The crystallization behavior of the PBABI copolyesters was studied with EDTA, observing that the thermodynamical α- and metastable β-form crystals coexisted in the presence of IA and EDTA molecules. The EDTA molecules preferred to form a tetrahedral conformation, which reflects a more flexible molecular chain to form a loose and movable 3D network to increase the crystallinity. The half-time and growth rate have a sequence with EDTA to neat copolyester at the same temperature, indicating that the crystallization behavior could be improved in the presence of EDTA. Tm0 has been revealed in temperature ranges of 57.12–57.14 and 53.62–51.74 °C for BA/BI = 10/0 and 9/1 copolyesters, respectively. The values of γ were located around 4.69–4.06 and 3.27–3.08 for BA/BI = 10/0 and 9/1 copolyesters, respectively, indicating the EDTA may raise the limitation in the growth of crystal to obtain the smaller thickness of crystal regime. The transition temperatures of regime II → III were obtained as 308.15 and 308.82 °C for BA/BI = 10/0 without and with EDTA and 301.05 and 301.37 °C for BA/BI = 9/1 without and with EDTA, respectively. A relatively larger spherulite in the α-phase was observed at a higher temperature of 38–42 °C due to a more significant degree of supercooling. Thus, the present study demonstrated the type of crystals could be controlled by adding the tetra-functional group of the EDTA molecule, taking the advantages of the PBABI copolyesters to control the solidification time in 3D smart textile applications.

Experimental Section

Materials

Adipic acid (AA, 99.8%) was obtained from Asahi Kasei Corporation. Itaconic acid (IA, 99%) and 1,4-butanediol (1,4-BDO, 99%) were supplied from the First Chemical Corporation (Taiwan). Ethylenediaminetetraacetic acid (EDTA, 98%) was obtained from Vetec. 4-Methoxyphenol (99%) and titanium(IV) butoxide (Ti(OBu)4, 97%) were acquired from Aldrich. Dibutyltin dilaurate (DBTDL, 95%) was obtained from Alfa Aesar. All of the chemicals were implemented by traditional bulk polymerization without any purification.

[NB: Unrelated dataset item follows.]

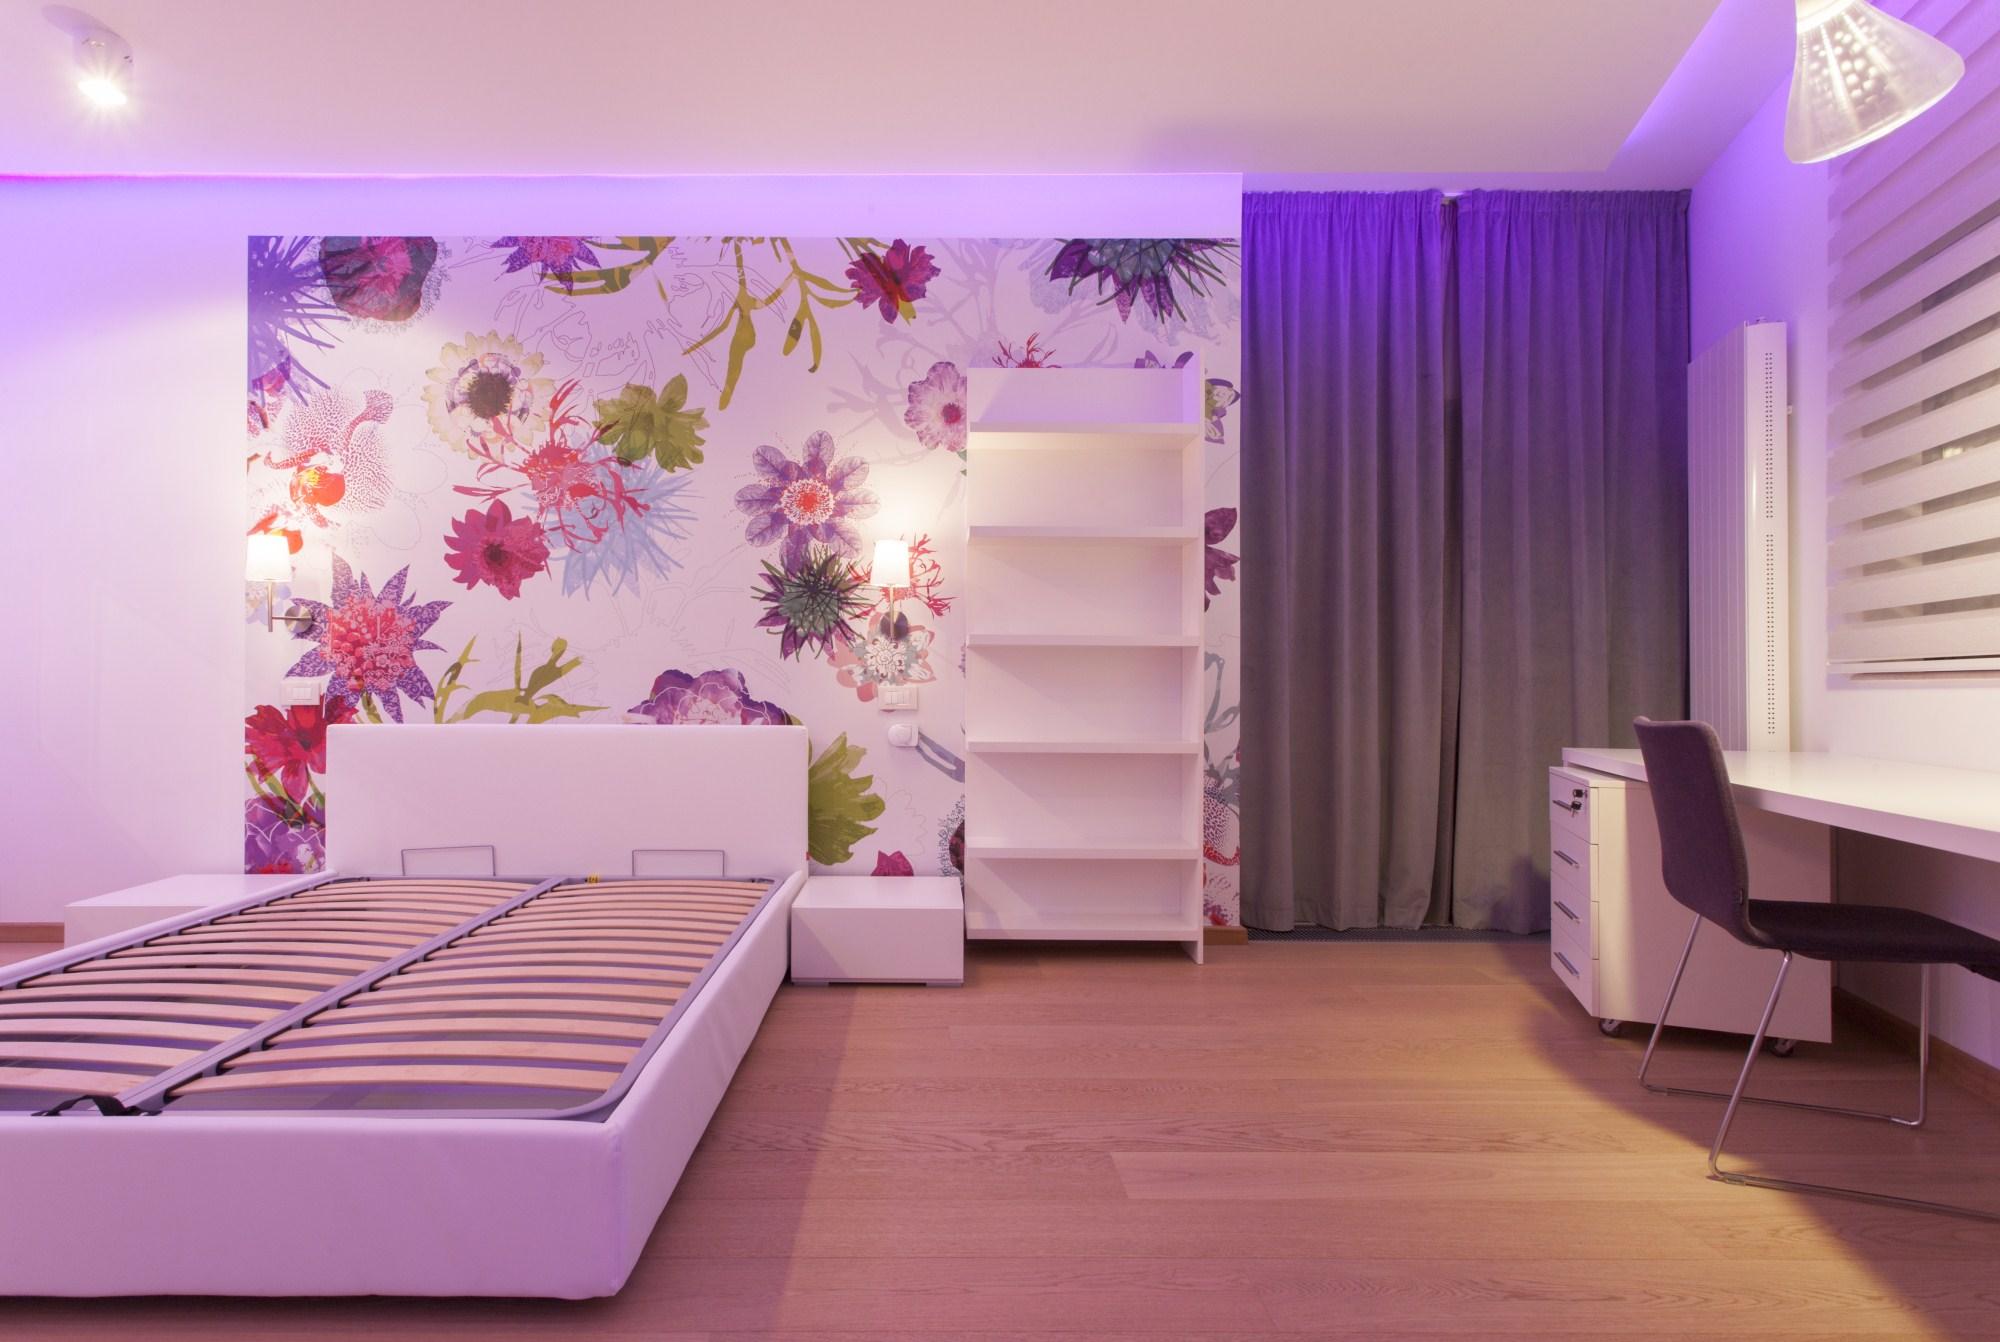 https://nbc-arhitect.ro/wp-content/uploads/2020/11/NBC-Arhitect-_-interior-design-_-Petofi-Sandor-_-Romania_2.jpg

Synthesis of PBABI Copolyesters with EDTA

PBABI copolyesters were copolymerized via bulk polymerization, consisting of AA and IA esterified with 1,4-BDO, 4-methoxyphenol as an inhibitor of C=C of IA, DBTDL, and Ti(OBu)4 as the co-catalyst and EDTA as a cross-linking agent under a 2 L steel reactor. All detailed data of the synthesis, characteristics, and thermal and mechanical properties have been published in our previous study.28 EDTA has four carboxylic functional groups, and it has a significant interesting role to discuss in isothermal crystallization kinetics.

Measurement

Differential Scanning Calorimetry (DSC) and Isothermal Crystallization Process

DSC (Hitachi High Tech., DSC-7000, Japan) was adopted to examine the thermal properties, including melting temperature (Tm), crystalline temperature (Tc), melting enthalpy (ΔHm), and crystalline enthalpy (ΔHc) of the PBABI copolyesters. For each experiment, the PBABI copolyesters were detected from −50 to 150 °C at a heating rate of 10 °C min–1 and kept at 150 °C for 10 min to avoid thermal history for further analysis. Then, these PBABI copolyesters were cooled to −50 °C at a cooling rate of 10 °C min–1 for the first cycle. After that, the second cycle of the heating procedure was performed from −50 to 150 °C at the same heating rate of 10 °C min–1 to inspect the melting point. Tc and Tm of the PBABI copolyesters were determined from the maximum exothermic peak and endothermic peak through the first cycle cooling and second cycle heating processes, respectively. All of the DSC measurements were conducted in a nitrogen atmosphere with aluminum pans.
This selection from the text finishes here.